Recently, learning four elements simultaneously sparks new research interests. Two promising directions have been pointed out by researchers. Cai et al. (2021) propose a two-stage method by extracting the aspect term and opinion term first. Then these items are utilized to classify aspect category and sentiment polarity. Another method is based on generation model Zhang et al. (2021a). By paraphrasing the input sentence, the quadruplet can be extracted in an end-to-end manner. In this work, we follow the generative direction and consider the order-free property of the quadruplet. To the best of our knowledge, this work is the first to study ASQP from the order perspective.

6.2 Data Augmentation

Data augmentation has been widely adopted in both the language and vision fields. We formulate the input and output of a model as $X$ and $Y$ , respectively. Previous data augmentation can be divided into three types. The first type is augmenting the input $X$ . For example, image flipping, rotation and scaling all change $X$ to seek improvements Shorten and Khoshgoftaar (2019). In the text tasks, back translation Sugiyama and Yoshinaga (2019) can also generate pseudo pairs through augmenting $X$ . The main idea is that changing $X$ does not affects its ground-truth label $Y$ . Secondly, both $X$ and $Y$ are augmented. A promising work is mixup Zhang et al. (2018), which constructs virtual training examples base on the prior knowledge that linear interpolations of feature vectors should lead to linear interpolations of the associated targets. Despite it is intuitive, it has shown effectiveness in many tasks Sun et al. (2020).

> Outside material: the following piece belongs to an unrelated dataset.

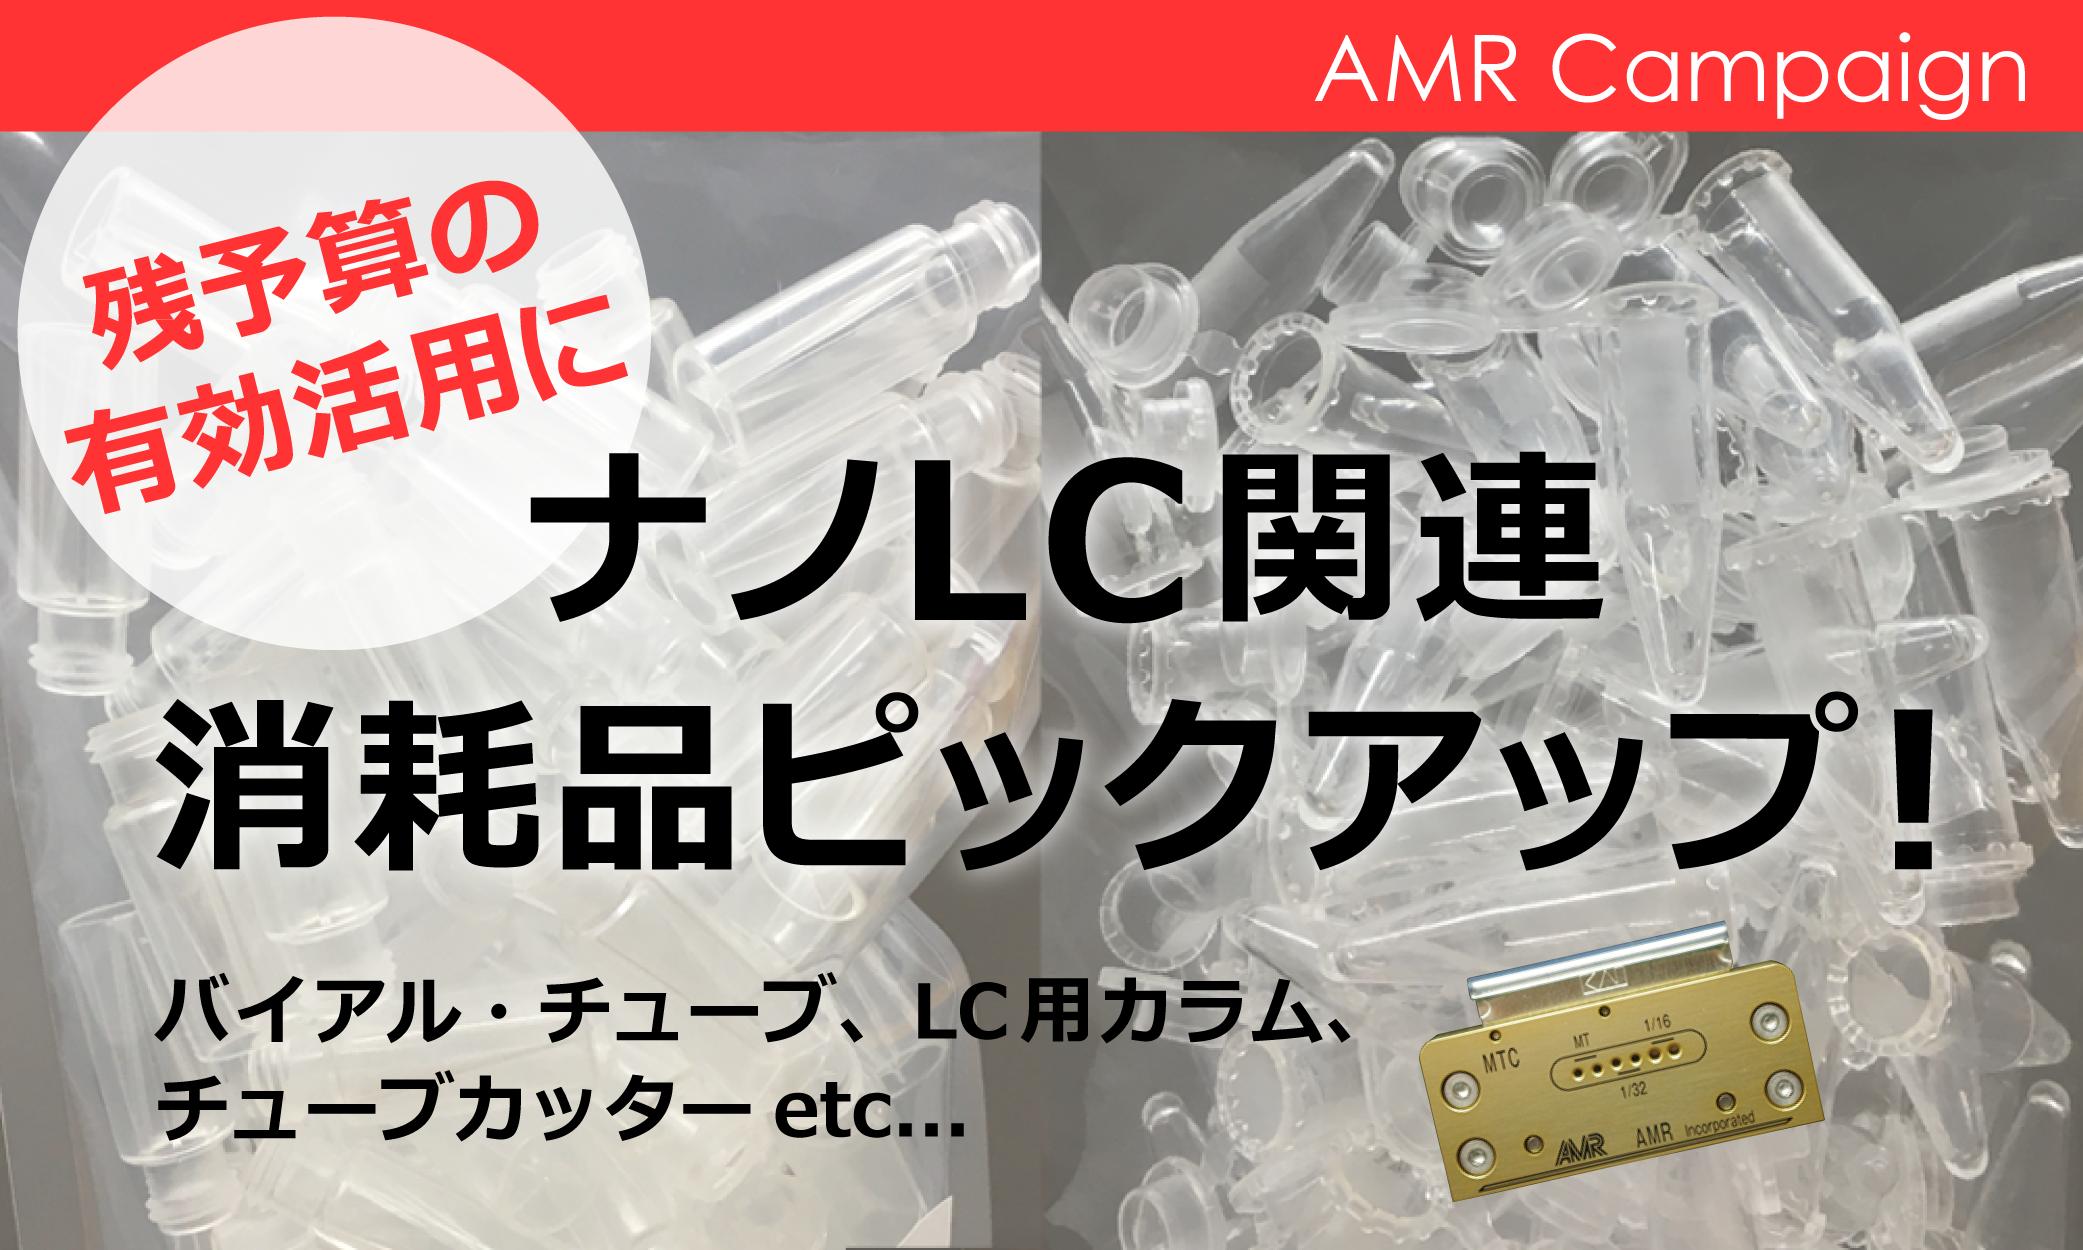 【年度末キャンペーン】ナノLC関連消耗品のご案内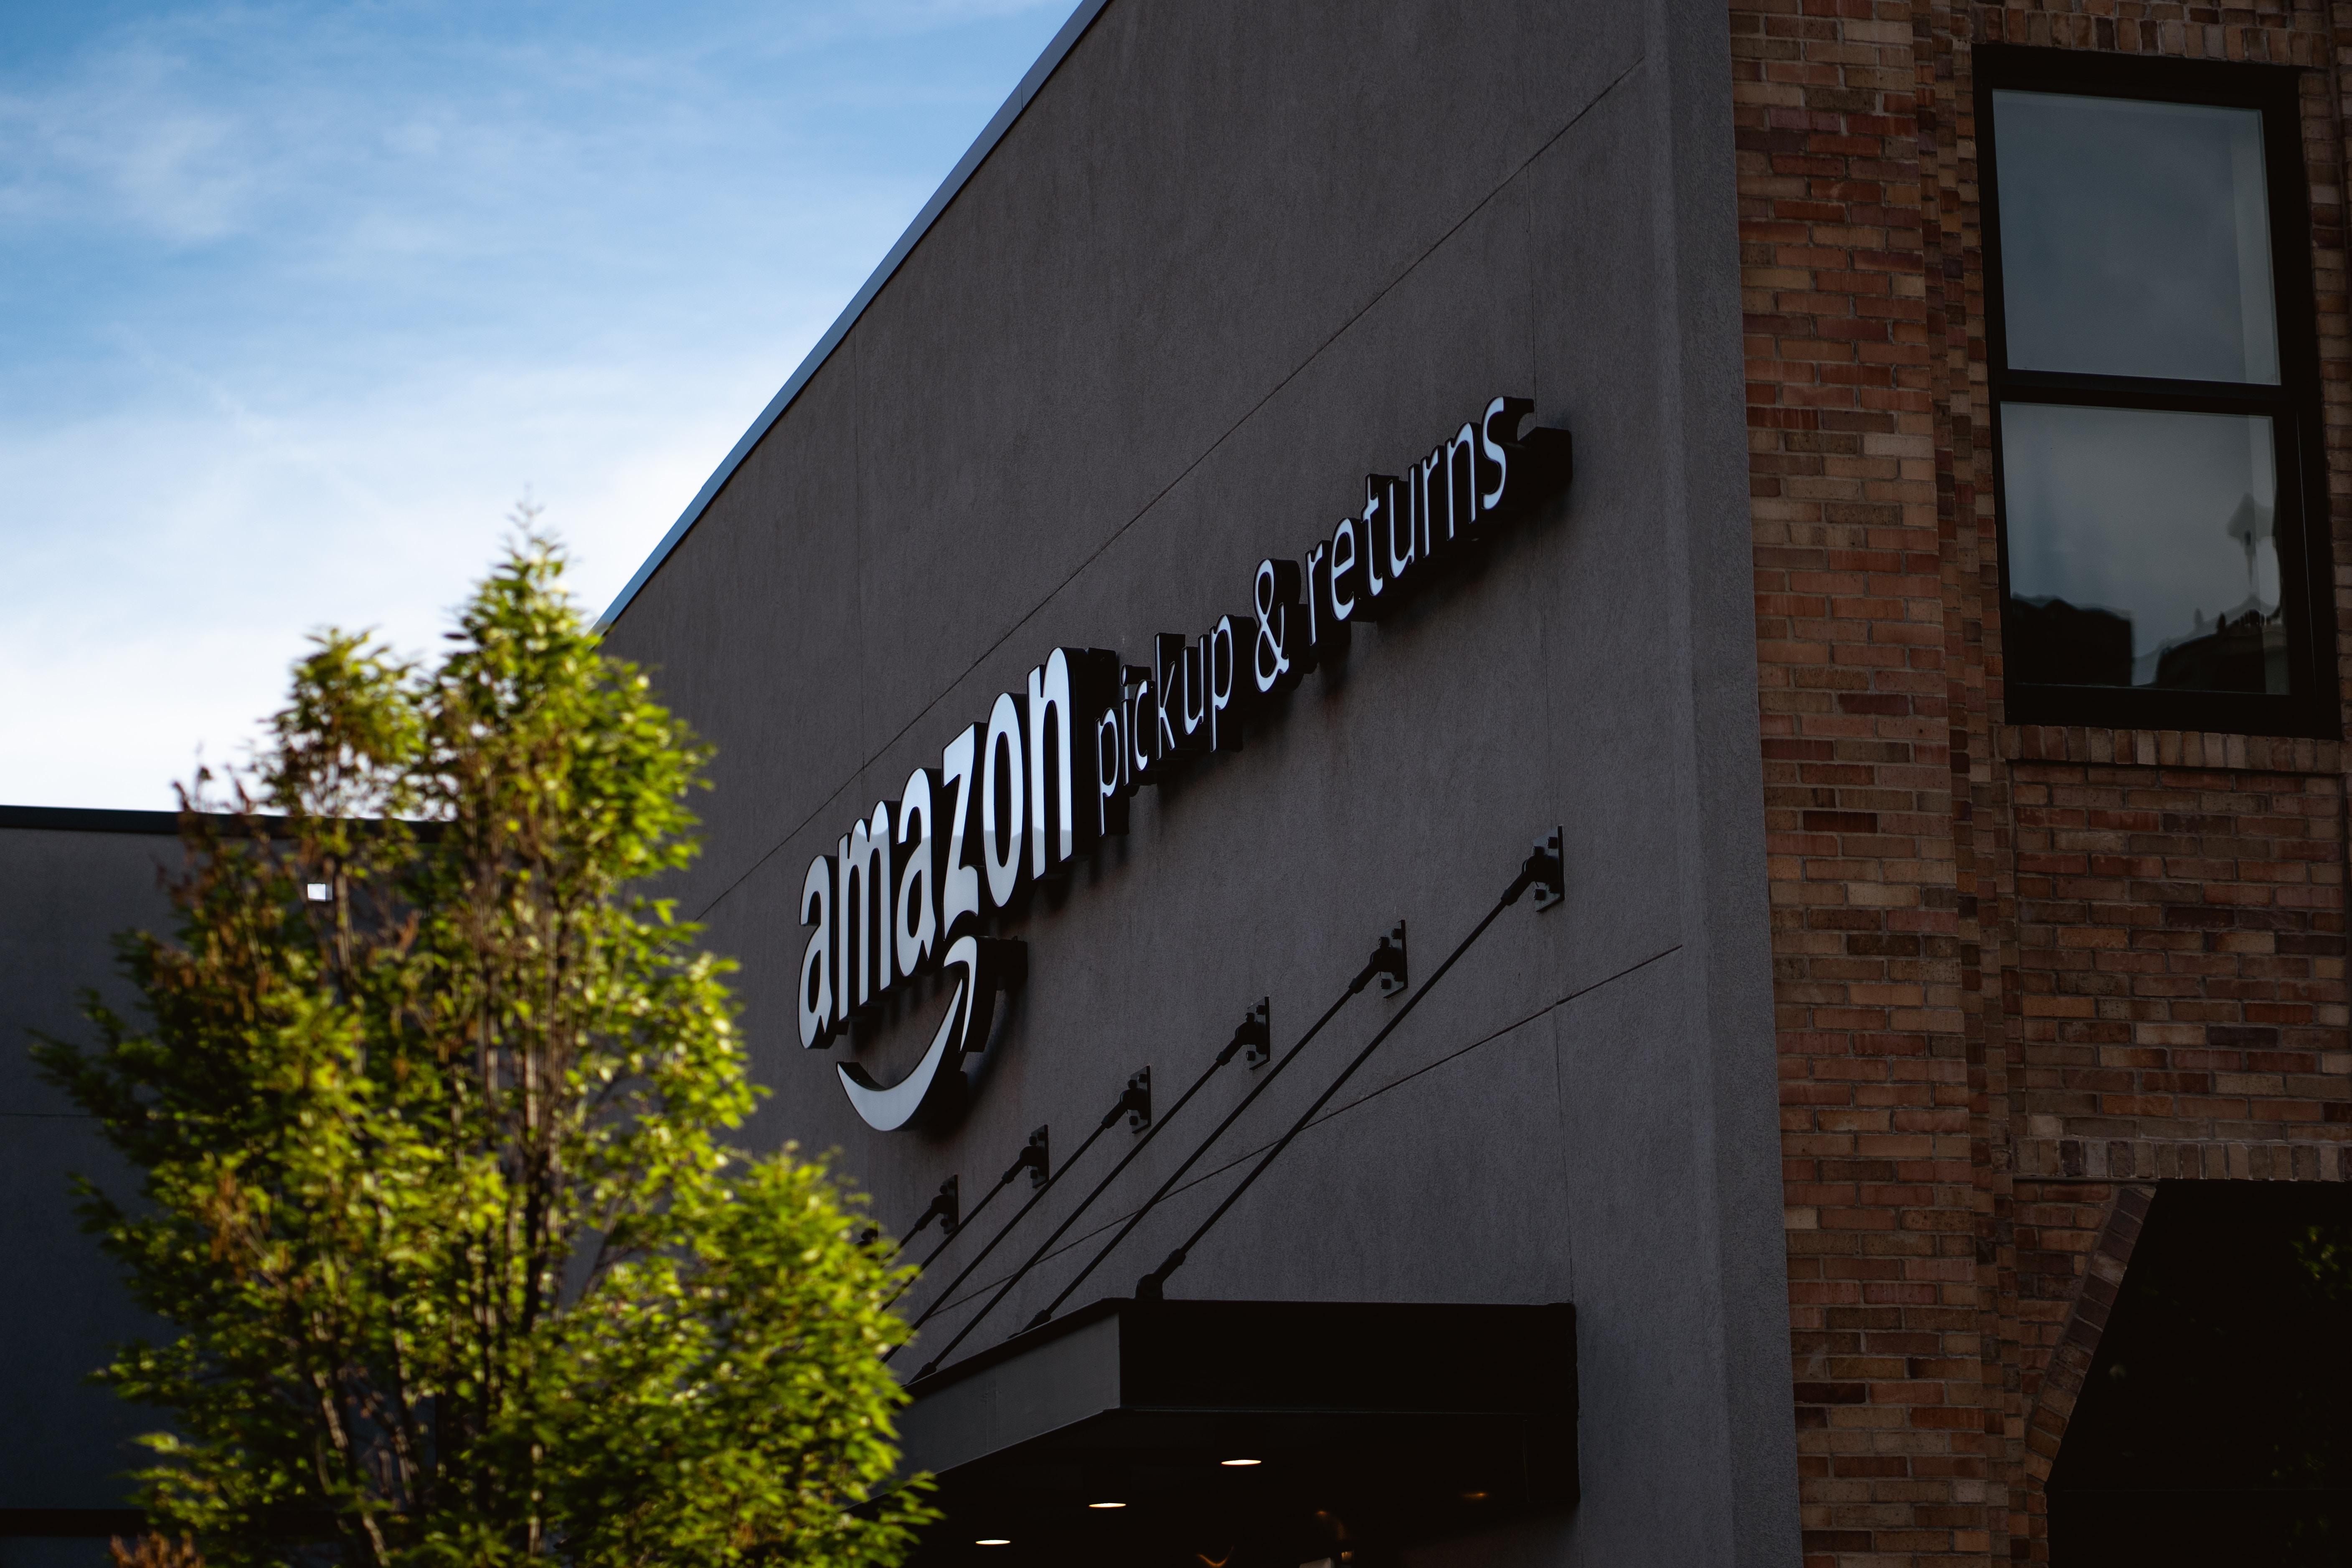 La tecnologia di Amazon Go approderà su altri store nel 2020

The third one is augmenting $Y$ . One recent work proposes virtual sequence as the target-side data augmentation Xie et al. (2022) for sequence-to-sequence learning. It deals with typical generation tasks, which are closely connected with the order of words. Different from it, we exploit the characteristic of the generative ASQP task. Order permutations still provide ground-truth labels. Then we think that different orders are just similar to seeing a picture from different perspectives, i.e. different views. Therefore, combining multiple template orders can prevent the model from being biased to superficial patterns, and help it to comprehensively understand the essence of the task.

7 Conclusion

In this work, we study aspect sentiment quad prediction (ASQP) from the template order perspective. We hypothesize that different orders provide various views of the quadruplet. In light of this hypothesis, a simple but effective method is proposed to identify the most proper orders, and further combine multiple proper templates as data augmentation to improve the ASQP task. Specifically, we use the pre-trained language model to select the orders with minimal entropy. By fine-tuning the pre-trained model with these template orders, our model achieves state-of-the-art performances.

Limitations

Our work is the first attempt to improve the ASQP task by combining multiple template orders as data augmentation. Despite state-of-the-art performance, our work still have limitations which may guide the direction of future work.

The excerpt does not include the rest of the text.